ESG and You
An introduction to ESG
What is the purpose of ESG?
ESG stands for Environment, Social and Governance
Across the globe, people, states and governments have agreed that companies and corporations should not be solely profit driven. This is because sustainable ESG values, whether under Environment, Social or Governance, are now viewed as having a value that can be measured. This means that now they can be compared between different business organisations; and that will influence how they are viewed by investors.
What are the concerns that brought about ESG?
Investors today are taking a long term view due to the threat of climate change and a realisation that resources are finite. Industries reliant on fossil fuels or scarce raw materials, or that are seen as needlessly wasteful in other areas, are less attractive.
Today there is recognition of many concerns that have sometimes historically been ignored. These relate to areas such as human rights, diversity, consumer protection, employee safety and welfare, opportunities and training, the local environment and animal welfare.
What ‘structures’ actually control a company? Is there real accounting transparency, diversity and clear ethical practice? Does the structure recruit and retain the best workforce – and might it over-remunerate or compensate in order to dismiss people involved in bad practice?
Business standards and giving back
It is expected today that a company is aware of its carbon footprint. It should not abuse its workforce, but look after them to at least a reasonable level. It is also expected that a proportion of profit is ‘given back’ to help projects that benefit society and the environment. It is, of course, expected that a business is governed well – and that each ESG element is both important and interdependent.
ESG: Regulations and Reporting
There is already mandatory ESG reporting for all publicly quoted companies in the UK. In addition, private companies and limited liability partnerships with more than 500 employees and turnover greater than £500M must also report. A third of all professionally managed assets are now believed to be subject to ESG criteria.
There is a sense that in the past things that were bad for people or the planet could be hidden. ESG reporting cannot be covered by fluffy words in an end of year report. It requires concrete and verifiable figures and facts accompanied by an actual score.
Companies must already report on:
- Energy Use
- Greenhouse Gas
- Gender Pay Gap
- Modern Slavery
Who Cares About Your ESG?
A lot of organisations, employees and customers care about how a business is run, as well as its impact on people and the environment. Through social media and other channels there is also easy access to information. Doing the right thing now is far less costly than the damage (monetarily or through reputation) of being found to have acted inappropriately later.
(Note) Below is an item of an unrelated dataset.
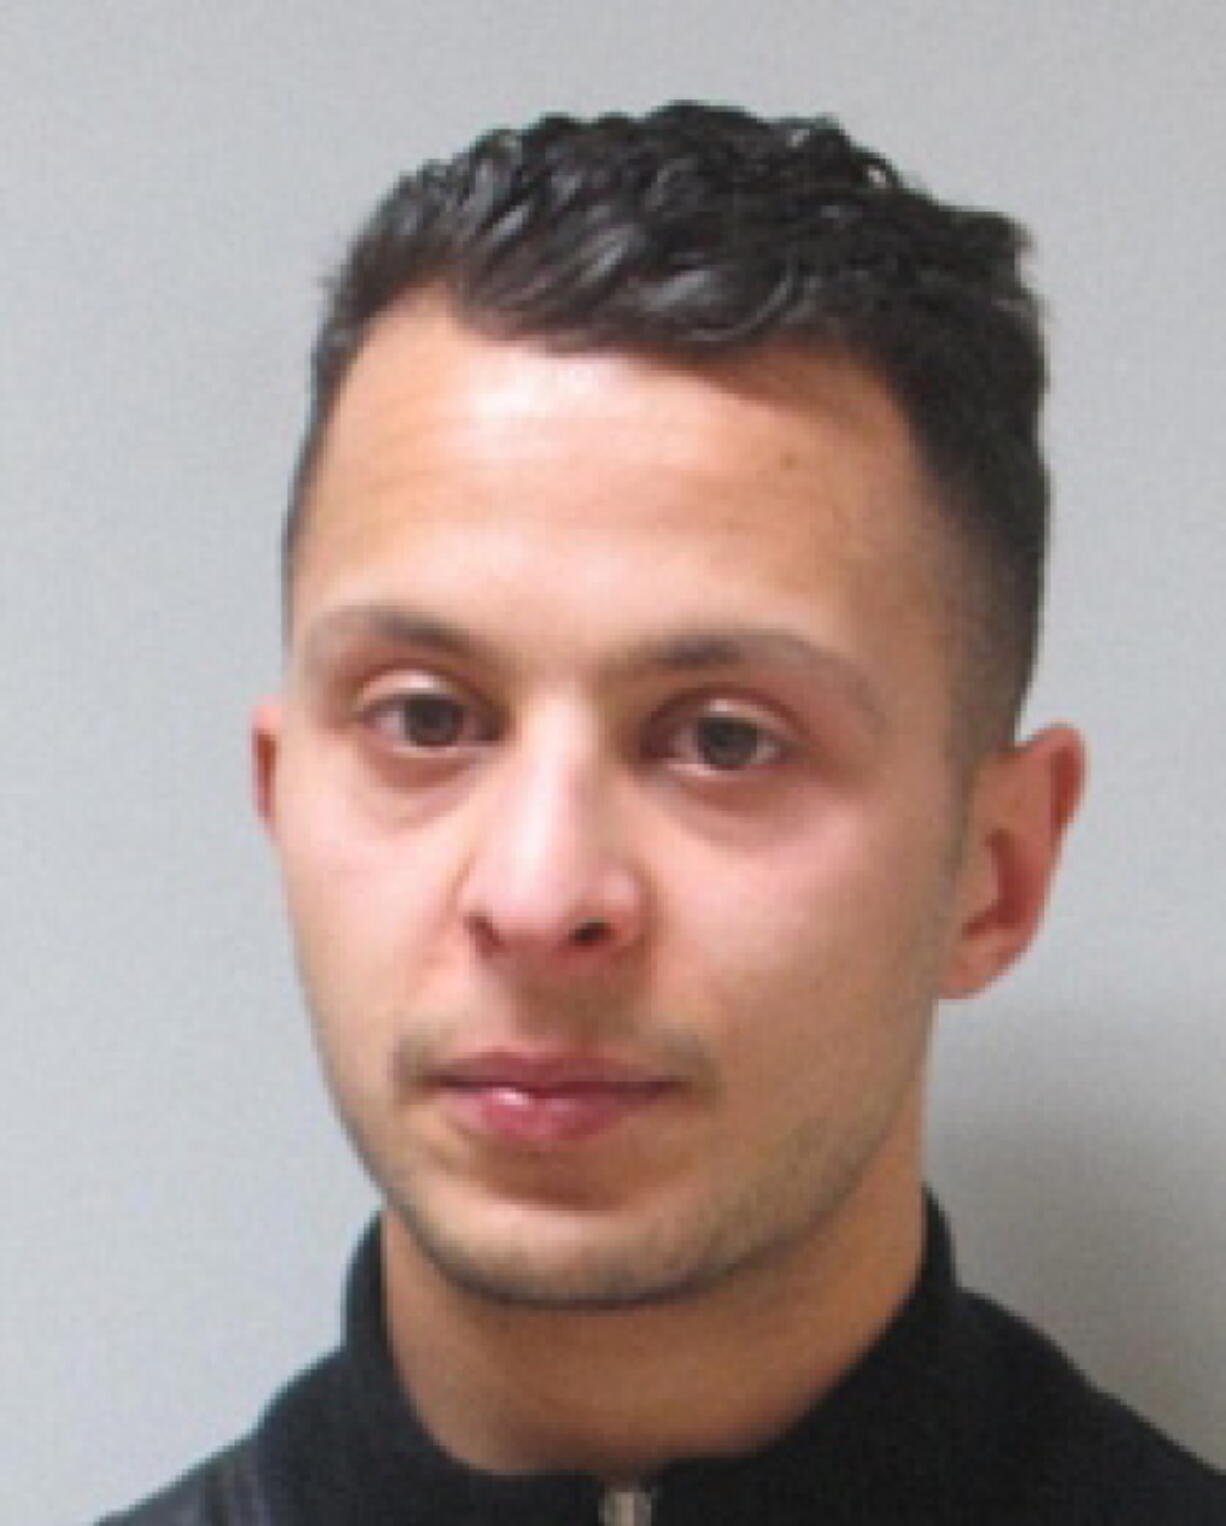 FILE - This is a an undated handout image made available by Belgium Federal Police of Salah Abdeslam who was wanted in connection to the attacks in Paris on Nov. 13, 2015. The last surviving suspect from the 2015 Paris attacks has told a court he felt "ashamed" after failing to detonate his suicide vest on the bloody night of Nov. 13.

Investors and asset managers
Regulations and mandatory reporting for ESG are set to grow. If reporting on your ESG is non-existent, or isn’t based on truth, this makes you a risk if you’re found out. There are plenty of interested parties and agencies who will fact check and look for greenwashing. On top of that, asset managers are already linking ESG ratings to profits, so not taking ESG seriously now can affect future investment, or even the removal of current investment.
The public pound
Bad press, whether based on perception or fact, spreads quickly across news and social media. Increasingly there is reluctance to support a business that doesn’t show diligence; care about its code of conduct with its employees; or ignore its effect on the environment. This is especially true (but not exclusive to) millennials and Generation Z investors and consumers. It is certainly a growing trend across society.
Your future employees
Employees want fair pay, good working conditions and opportunities to progress. They are also prefer to work for employers with similar ESG beliefs and aspirations and are less likely to stay with those that don’t. If you are recognised as setting high standards with ESG, you will encourage a larger pool of well-qualified potential employees from which to choose– and who will want to stay with you.
Statutory law and private litigation
As well as statutory reporting, governments are employing ESG regulatory measures that target businesses with ineffective ESG management. In addition, legislation in this area is expected to increase. Private individuals and public interest groups could also file against company directors and financial institutions if they perceive wrong doing in business practices. In either case there is a negative impact.